HydroSHEDS data have been used to assess configuration scenarios for future hydropower development at global, national (e.g., Zambia, Nepal) or basin-level (e.g., Marañón river) scales. This ‘system-scale planning’ (SSP) approach provides a large-scale perspective which considers the complex interactions and cumulative effects of different dam combinations rather than determining the impacts of each dam project individually. This type of holistic assessment takes the regional and downstream effects of the entire hydropower scenario into account and allows for strategic planning by comparing various national or international development options. It is particularly useful during the early phases of hydropower portfolio design and can facilitate the dialog between stakeholders and policymakers as a decision support tool.

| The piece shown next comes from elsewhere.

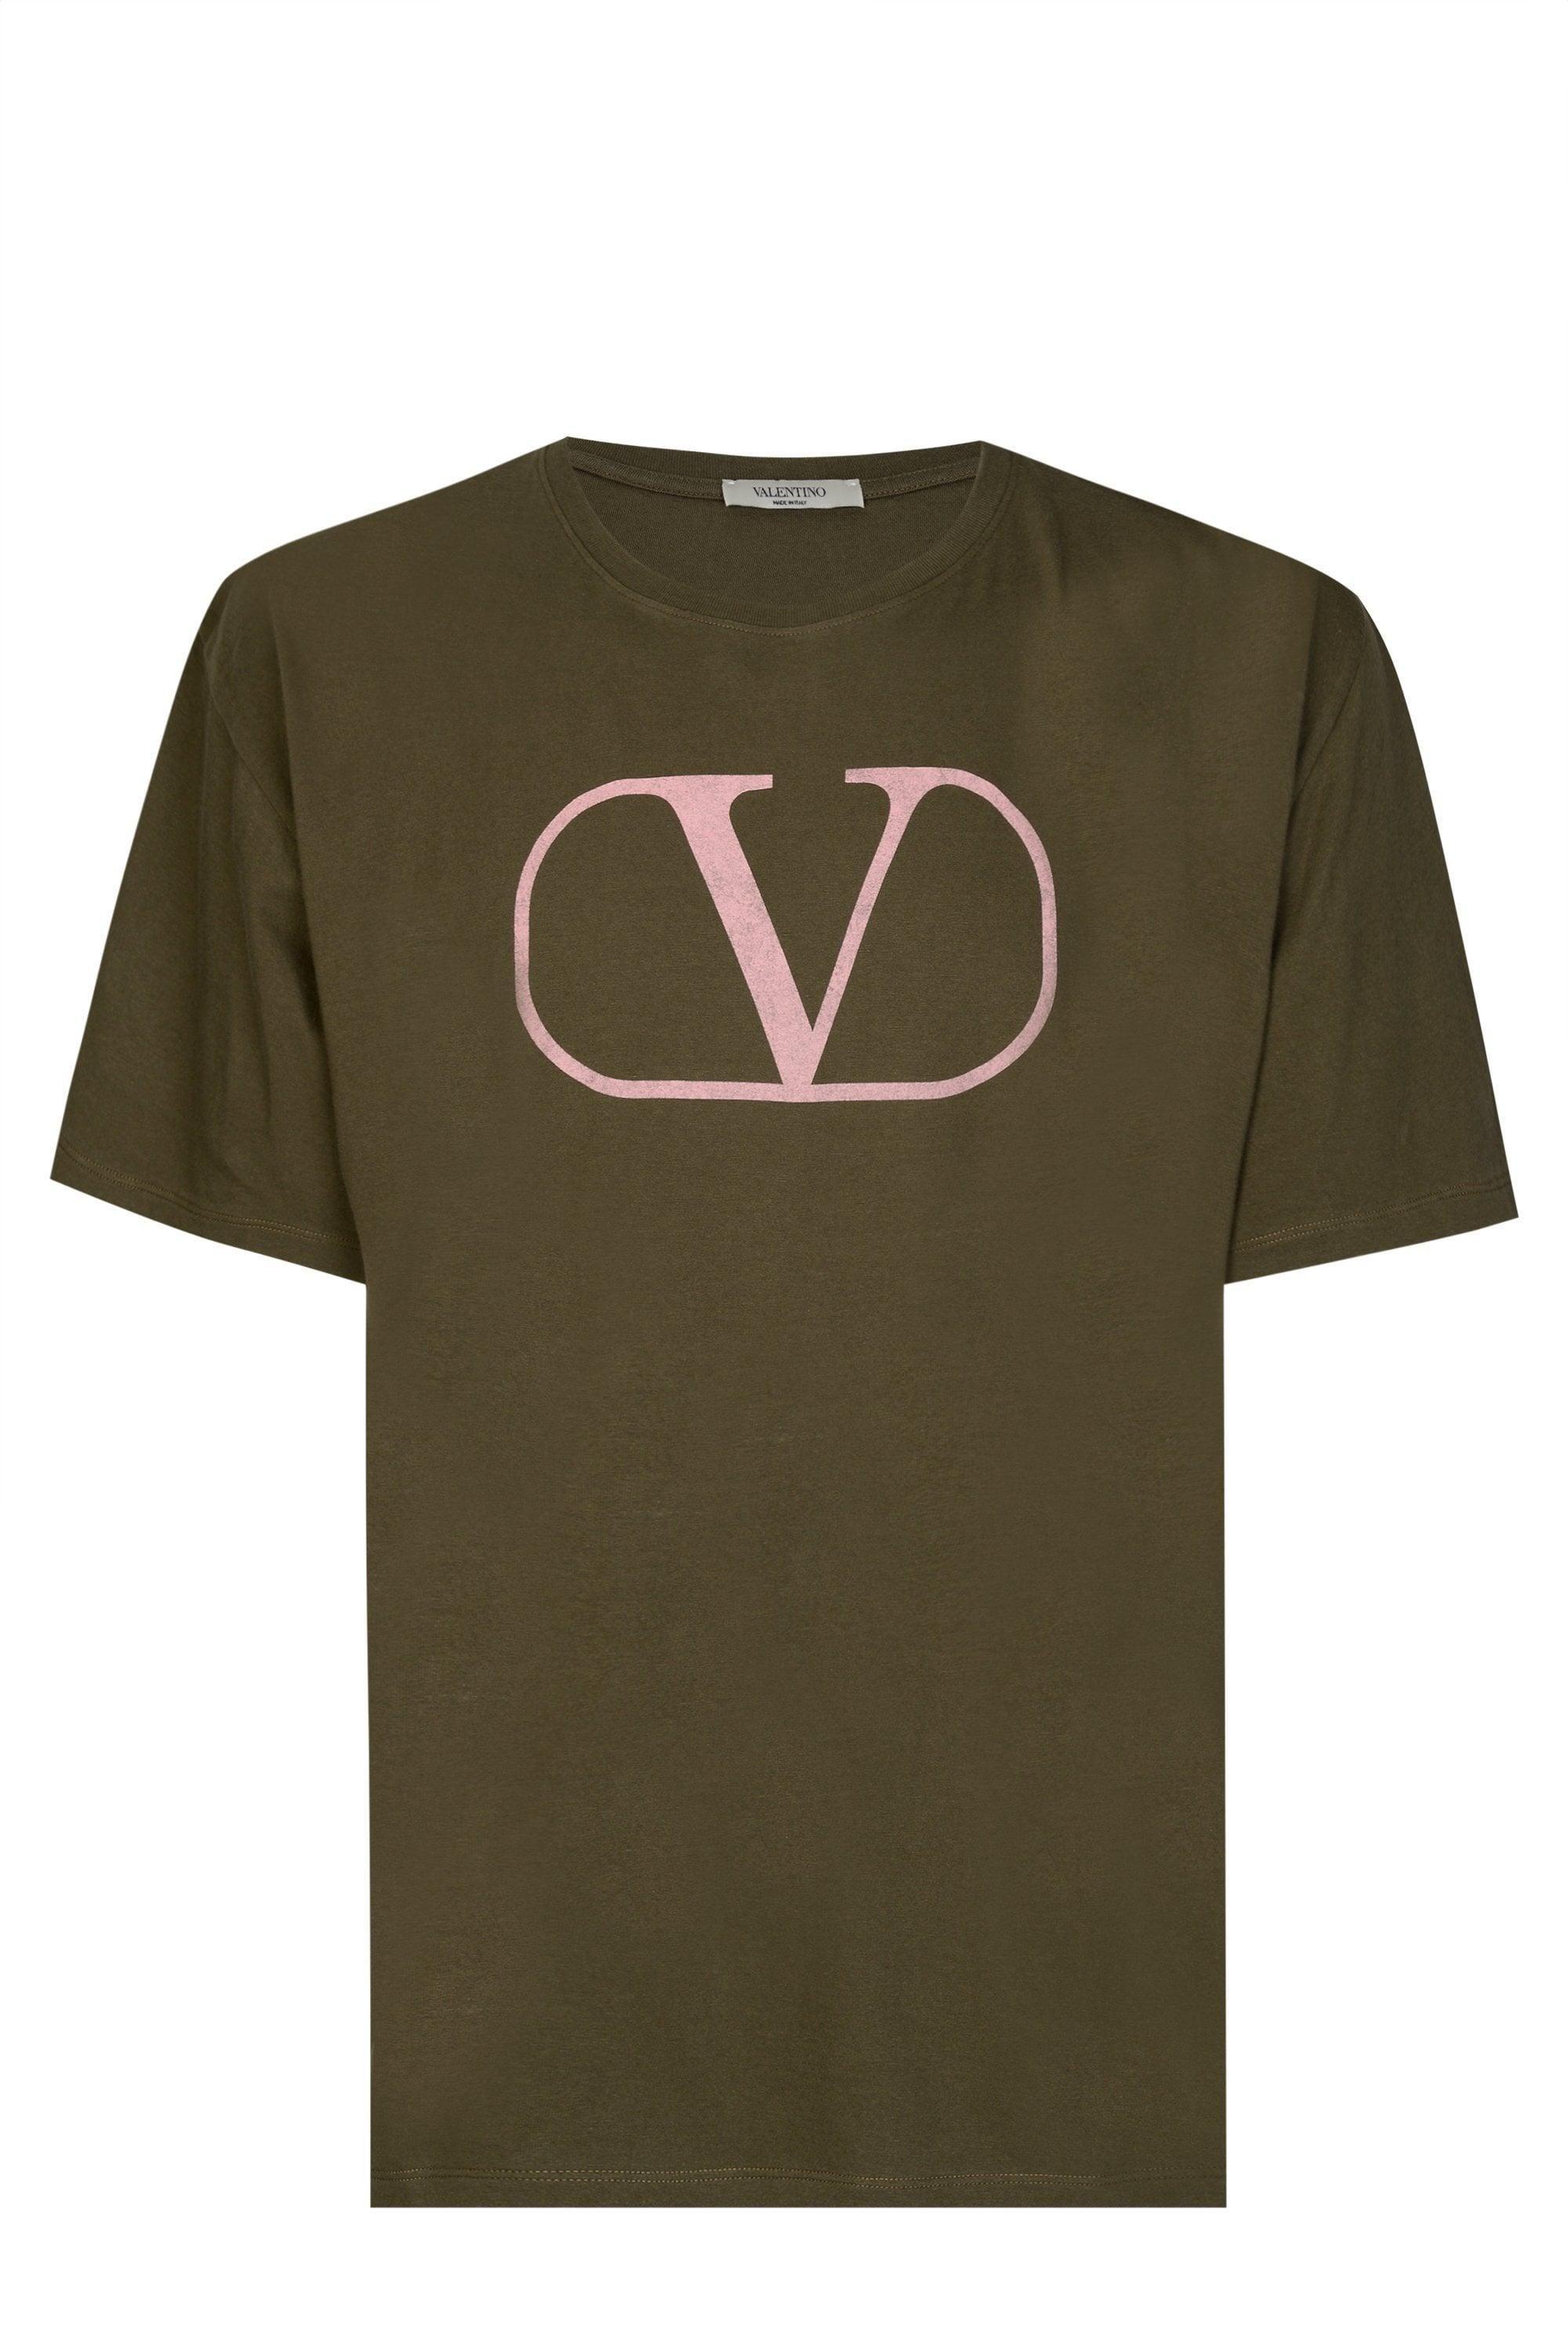 V Clothing Logo

Calculate water flow volume at pour point using meteorological data:

With the delineated catchment area from pysheds, you can utilize surface runoff data, which represents the part of precipitation and snowmelt that flows over the land without infiltrating the soil or evaporating, to estimate total flow at the basin’s pour point. By integrating surface runoff data over the entire catchment area, typically given in volume per area per time (e.g. millimetres per day), and summing it up for all the cells within the catchment, you can approximate the total water volume contributing to the flow at the pour point. This integration accounts for spatial variations in runoff generation across the catchment, providing you with an aggregated flow estimate that can be used to assess the hydrological output of the catchment at the specific location where the water exits the basin, for instance, the amount of water available for electricity generation in a run-of-river plant.

Exercises#

Determine a few additional catchment areas by varying the pour point and the threshold for the accumulated flow.